A very different kind of exhibition from the Guston monograph, “Promenades on Paper: Eighteenth-Century French Drawings From the Bibliothèque nationale de France," at the Clark Art Institute, Williamstown, Mass., offered a multiplicity of stellar works on paper, many never shown before.

We explored works in various mediums, some carefully finished, some casually sketched, by the celebrated, the little known and the anonymous, all providing testimony to the importance of drawing in the 18th century and the many ways it functioned in an age before mechanical reproduction. Drawing was fundamental to the training of artists and the education of upper-class children. Architects, craftsmen and garden designers presented proposals with detailed drawings.

Significant events provoked drawn images, which were turned into prints circulated in the period’s expanding roster of publications. And more. “Promenades on Paper" was both sumptuous and illuminating.

“Canova: Sketching in Clay," seen first at the National Gallery of Art, then at the Art Institute of Chicago (where it remains on view through March 18, 2024), revealed the working methods of the celebrated late 18th- and early 19th-century sculptor of chilly Neo-Classical marbles.

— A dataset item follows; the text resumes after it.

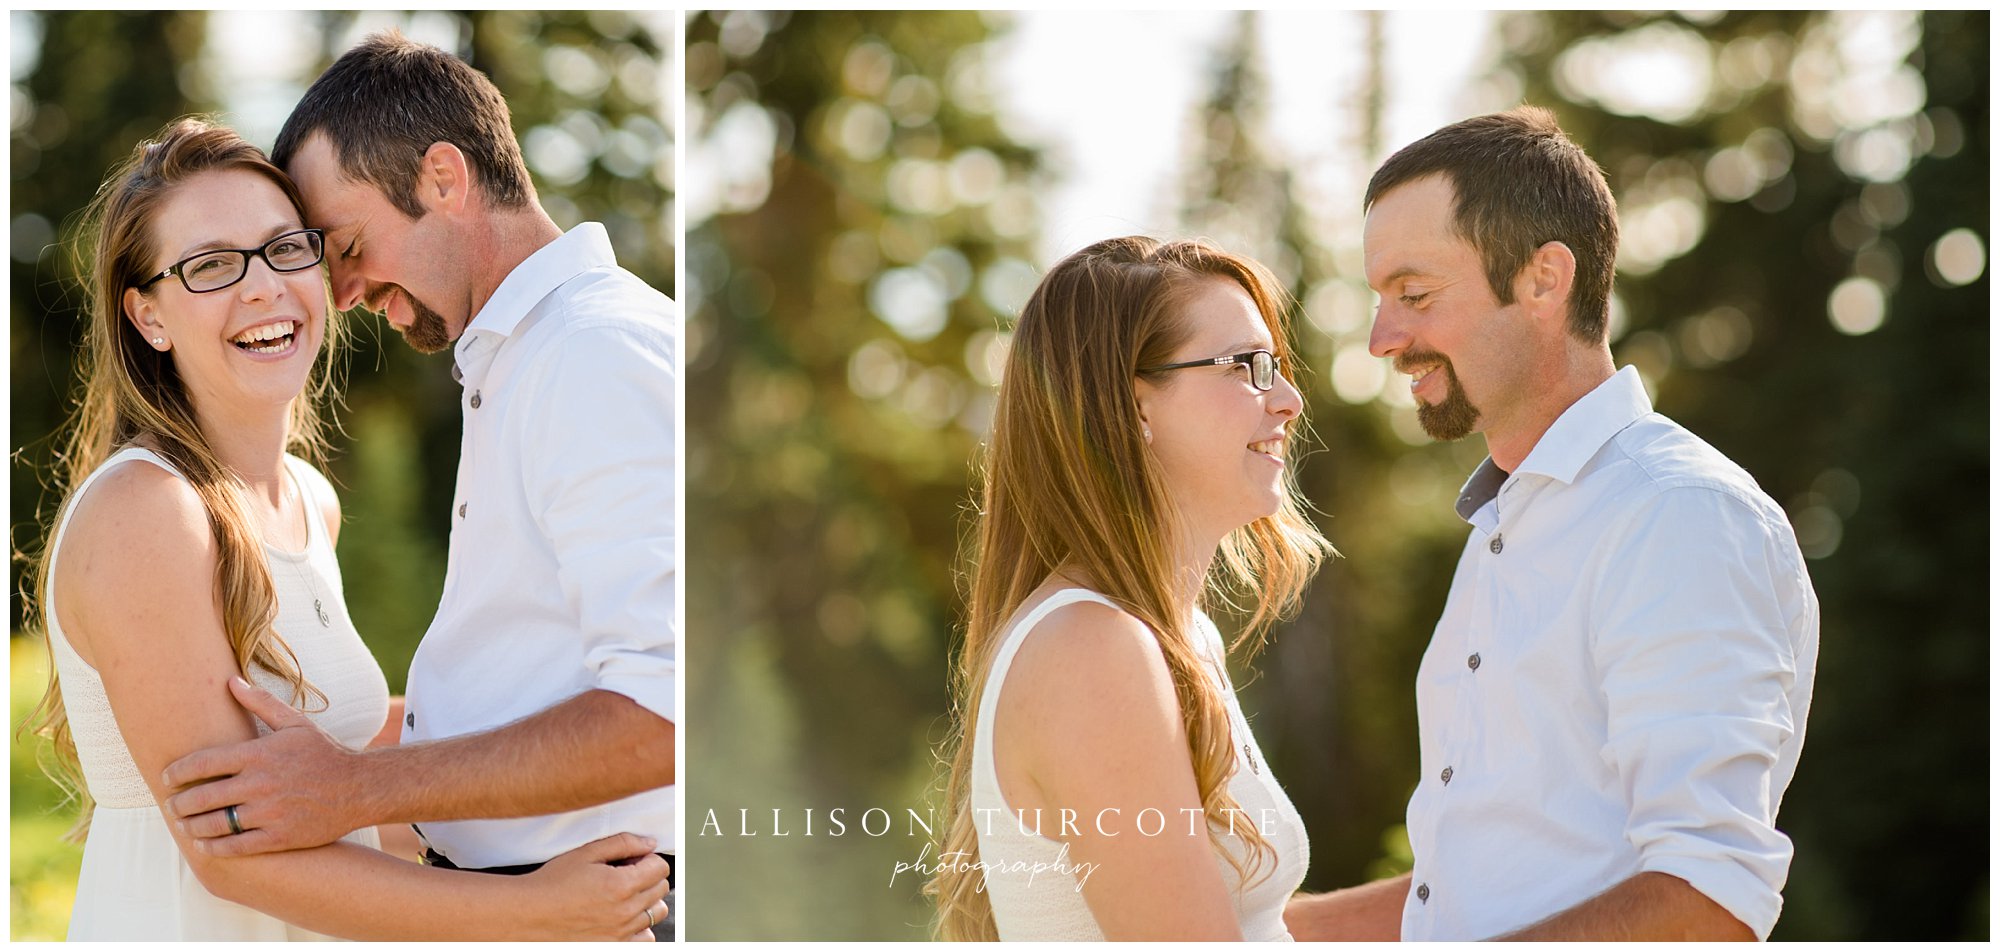 Mount Rainier Photography, Family Photographer, Couples Photography

Those suave figures began as nervous clay bozzetti (sketches) reflecting the intensity with which Canova stabbed with his tools and pressed on lumps of clay.

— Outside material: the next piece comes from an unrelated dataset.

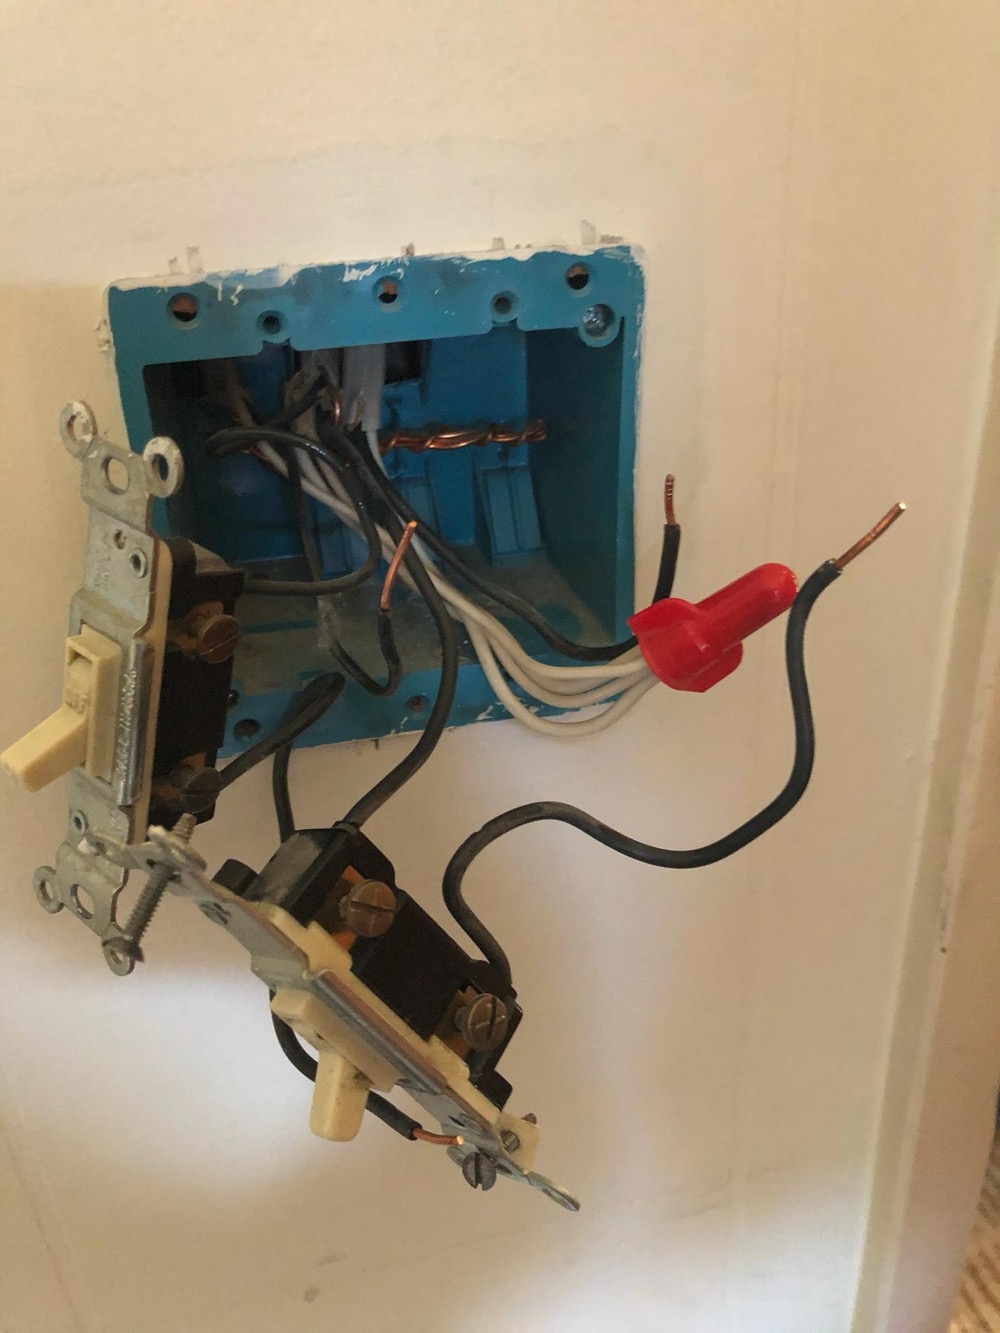 My light switch wiring

These small studies were translated into larger, elegant plasters, then further enlarged in marble. Some bozzetti appeared to test possibilities at high speed, as if Canova’s ideas outraced his hand; others were more finished. While the delicacy of the refined bozzetti was admirable, it was the roughest little sculptures—never intended for public view—that were most compelling. But we’ll never look at Canova the same way again.

‘Juan de Pareja’ (1650), by Diego Velázquez (The Metropolitan Musuem of Art)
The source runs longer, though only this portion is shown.